Эйе оглядел шумное пьяное сборище. Слуги плавно сновали между неровно горящими факелами, вкопанными в песок, убирая остатки празднества. Танцовщицы раскачивались в танце, желтый свет скользил по их нагим, блестящим от масла телам. С берега реки, скрытого темнотой, доносились всплески и радостные вопли. Среди всеобщего гама стоял дрожащий слуга с подносом, на котором были навалены горкой разные безделушки, а хлыст Мутноджимет свистел в рискованной близости от его незащищенной головы, один за другим искусно подцепляя с подноса ожерелья и браслеты и с бряцаньем сбрасывая их на колени зрителей. Ее детский локон был закручен вокруг уха и закреплен золотыми листьями папируса, и вся она была обсыпана золотой пудрой. Каждое небрежное движение увешанной драгоценностями ручки встречалось бурей рукоплесканий и одобрительных возгласов.
– Ее ловкость впечатляет, – сказал Эйе, потом вздохнул и повернулся к Хоремхебу. – Я все еще надеюсь, что это не настоящая ссора, а всего лишь недоразумение и все еще наладится. Узы, которые связывают сестру с фараоном, всегда были очень прочными. Но если, упаси бог, раскол усугубится, не возникнет вопроса о том, чью сторону взять, Хоремхеб. Египет – это фараон.

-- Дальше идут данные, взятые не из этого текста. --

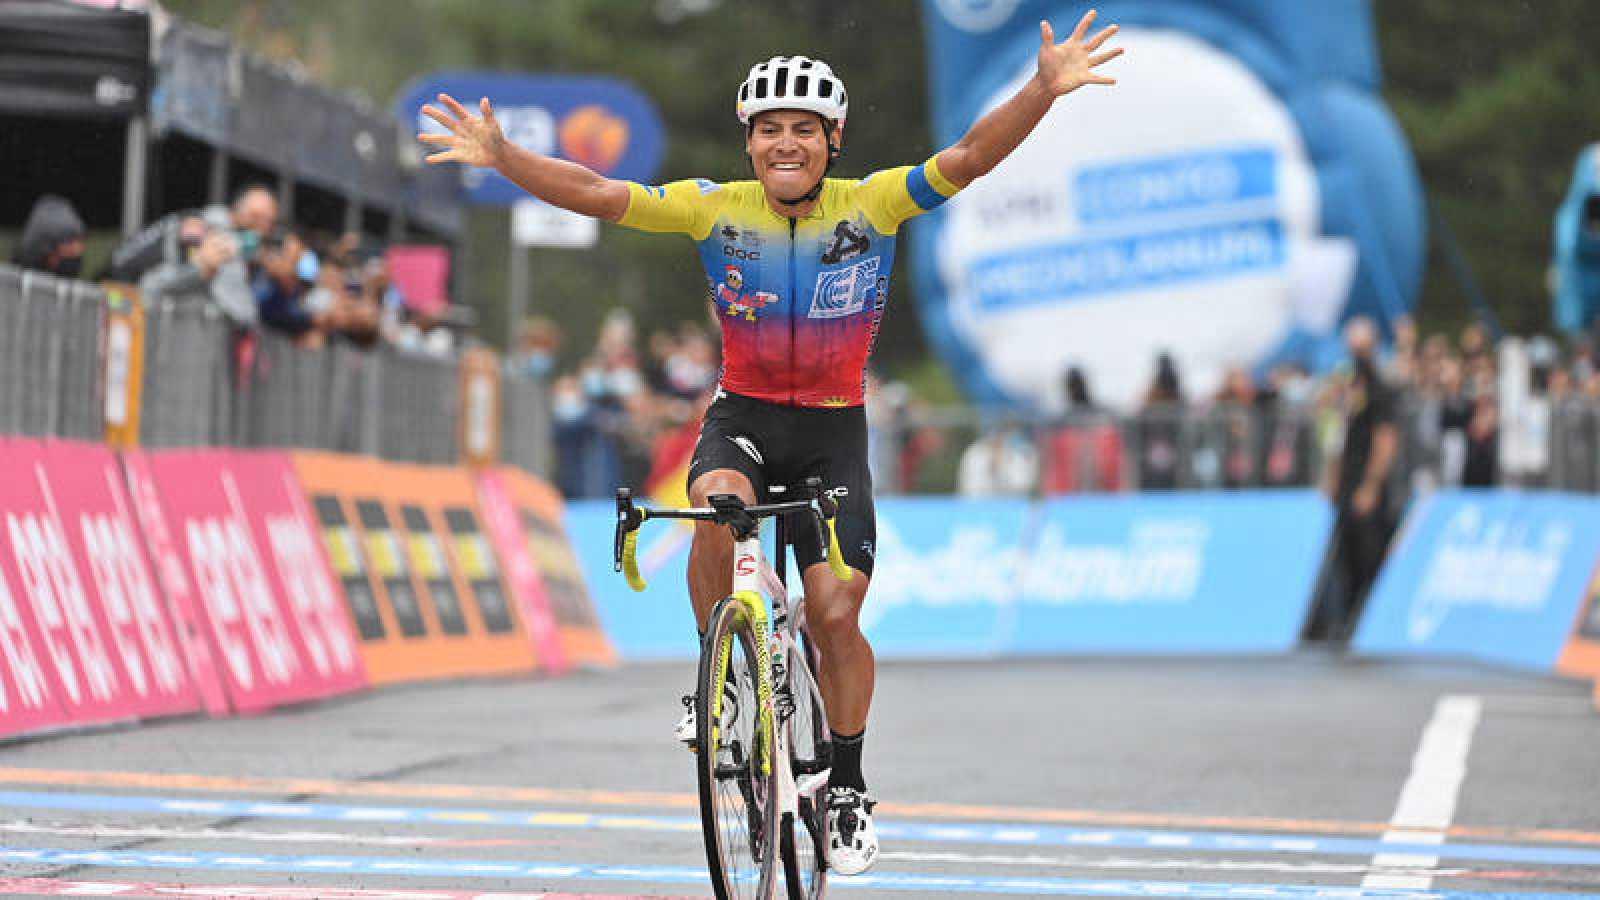 El ecuatoriano Jonathan Caicedo (Education First) se impone en la tercera etapa del Giro de Italia.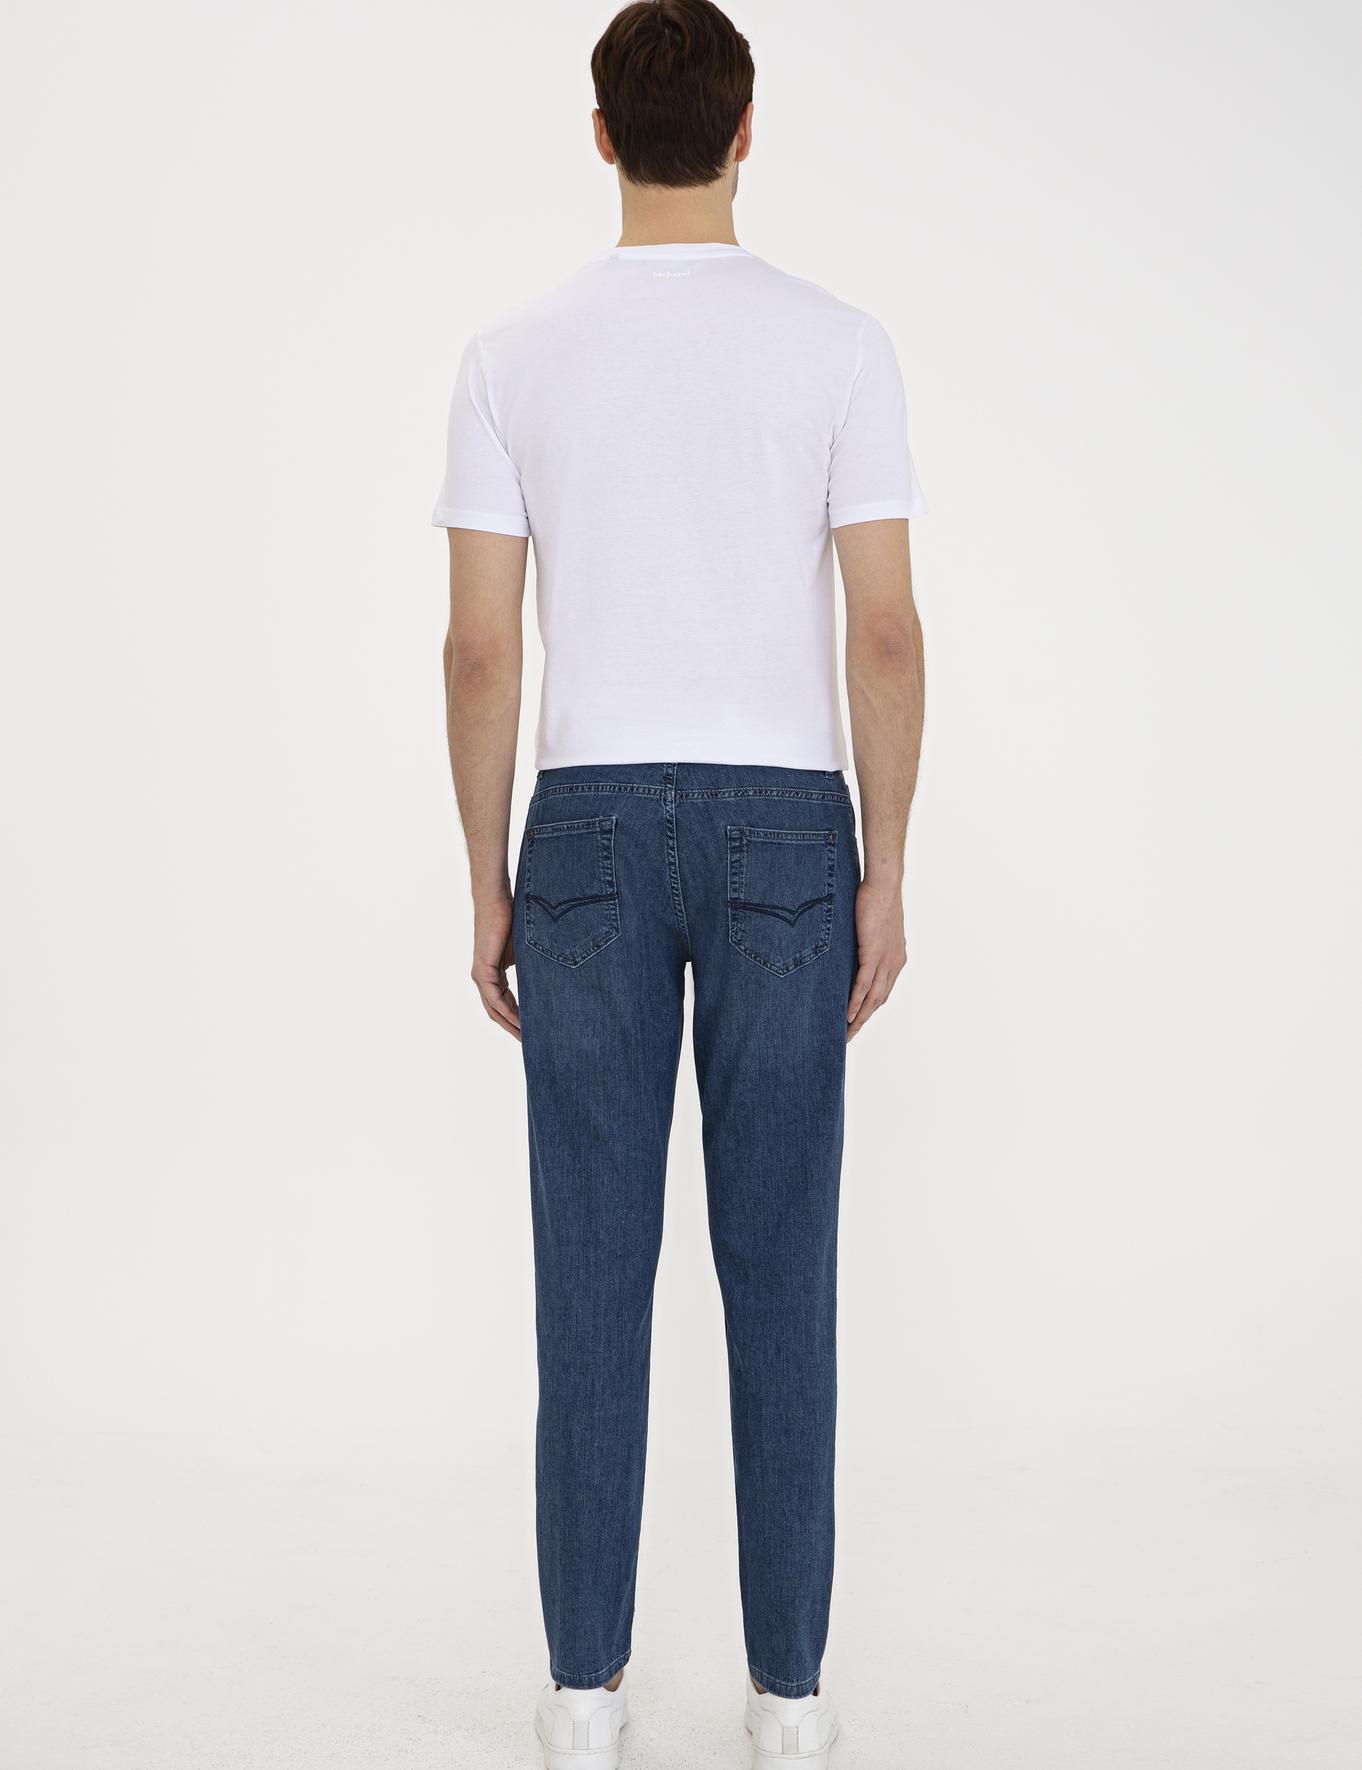 Mavi Slim Fit Denim - 50232821009

– Я знаю, – ответил Хоремхеб. – Это не просто вопрос преданности старому или новому, это вопрос выживания. – Развернувшись на стуле, он посмотрел в глаза Эйе, и они без слов прекрасно поняли друг друга. – Мой отец мог позволить себе послать меня в школу писцов в Карнаке, – продолжал Хоремхеб, – но он был не настолько влиятельным, чтобы обеспечить мне хорошую должность, когда мое учение закончилось. Я мог бы до сих пор сидеть, скрестив ноги, в доках Фив, подсчитывая партии зерна, если бы не императрица, которая прослышала о моем умении и сделала меня царским писцом. – Он слабо улыбнулся, задумчиво глядя на веселящуюся толпу. – Однако сейчас у меня действительно нет выбора, Эйе. Если я хочу сохранить власть в армии, а тем более получить более высокое звание, то я должен быть там, где фараон. Все войска находятся в его распоряжении, и, конечно, командование переместится сюда вместе с ним. Кроме того, он будет вознаграждать тех, кто верен ему, а жить-то надо.
Эйе знал, эта реалистичная оценка касалась и его положения так же, как и положения Хоремхеба. Много юношей, начинавших некогда под покровительством Тейе, которым предстояло еще долго карабкаться наверх, мучились подобными размышлениями.
– Это жизнь, – пробормотал Хоремхеб, рассеянно трогая шрам на подбородке. – Мне бы только хотелось, чтобы фараон выбрал другое место для своего нового города. Это мне не нравится. Я не удивлен, что оно до сих пор напоминает девственную пустыню. Думаю, оно хочет, чтобы его оставили в покое.
– Это речи мага, а никак не солдата, – проворчал Эйе, и Хоремхеб внезапно рассмеялся.
– Завтра на рассвете мы отправимся в Малкатту, и я снова стану солдатом. Мутноджимет хочет по пути принести жертву Мину в святилище Ахмина, поэтому мы сможем передать Тии твои приветствия.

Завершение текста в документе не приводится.